With the support of the National Security Archive, the musicians are seeking the release of still-secret US government records that document how loud music was used as a “futility technique” to soften up detainees at the base.

Guantanamo, Bahgram, and Abu Ghraib are not the first places where the high-volume, music-as-sleep deprivation device has been used, however.  In 1995, the Archive obtained an interesting Pentagon public affairs “after action” report on “Operation Just Cause”–the invasion of Panana. A section of the report shed light on how Rock and Roll was used to blast deposed strongman Manuel Noriega out of the Vatican Embassy where he had taken refuge after US troops landed.
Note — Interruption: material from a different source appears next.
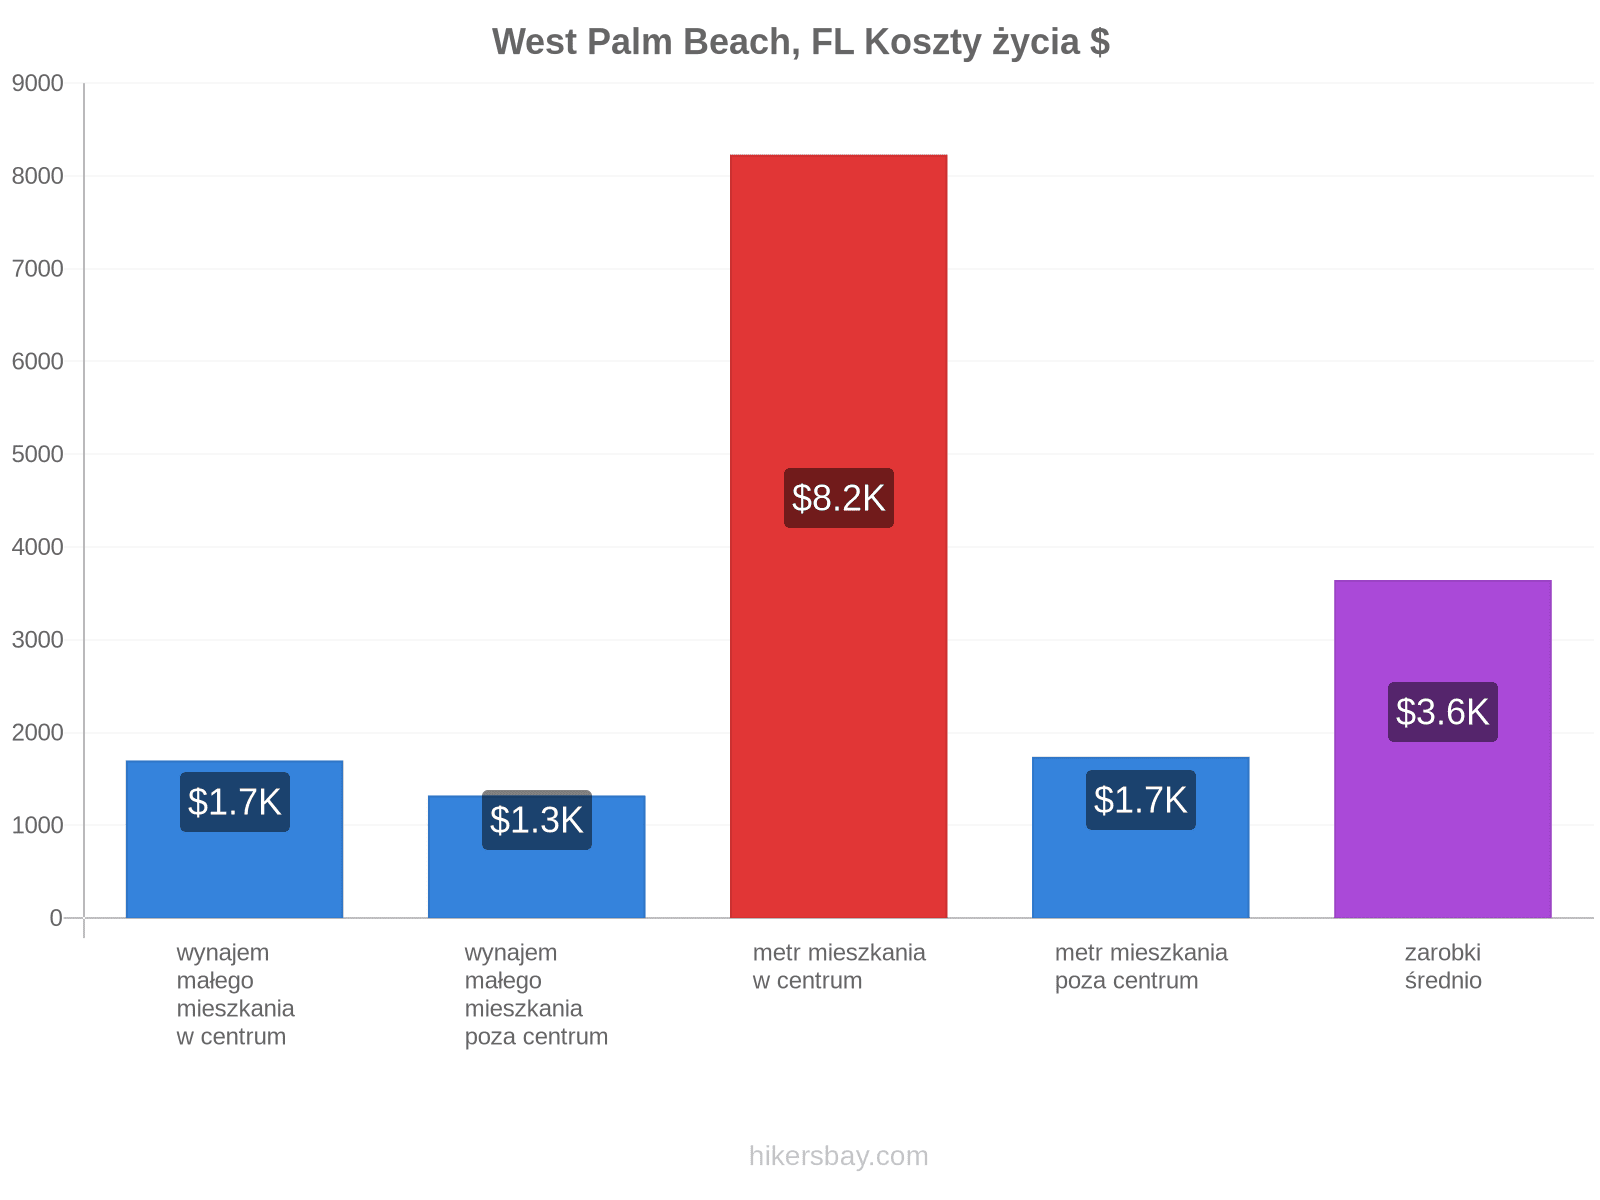 West Palm Beach, FL koszty życia hikersbay.com

The South Com Network radio station, beamed usually to US personnel in the Canal Zone, broadcast live during the invasion.  On December 27, according to the report, “a member of the PSYOPS team from Fort Bragg called to tell us what they were doing with their loud speakers.” Soon the radio station began receiving requests from troops for a “musical message for Noriega.” The playlist of almost 100 requested songs was reprinted, which included such appropriate titles as: “Wanted Dead or Alive,” by Bon Jovi; “Wanted Man,” by Molly Hatchet; “Nowhere to Run” by Martha and the Vandelas; “Hang ‘Em High,” by Van Halen, and “Give it Up,” by K.C. and the Sunshine Band.  After close to ten days of cranked up, deafening music blasting at the Embassy, Noriega gave it up, came out, and turned himself in.

There is some indication that the song selection at Guantanamo Bay also came about in an ad hoc fashion, with guards and interrogators at the base drawing music from their own iPods.  Whether that is true or not will only be known when all the secret documents on the use of music-as-torture are declassified.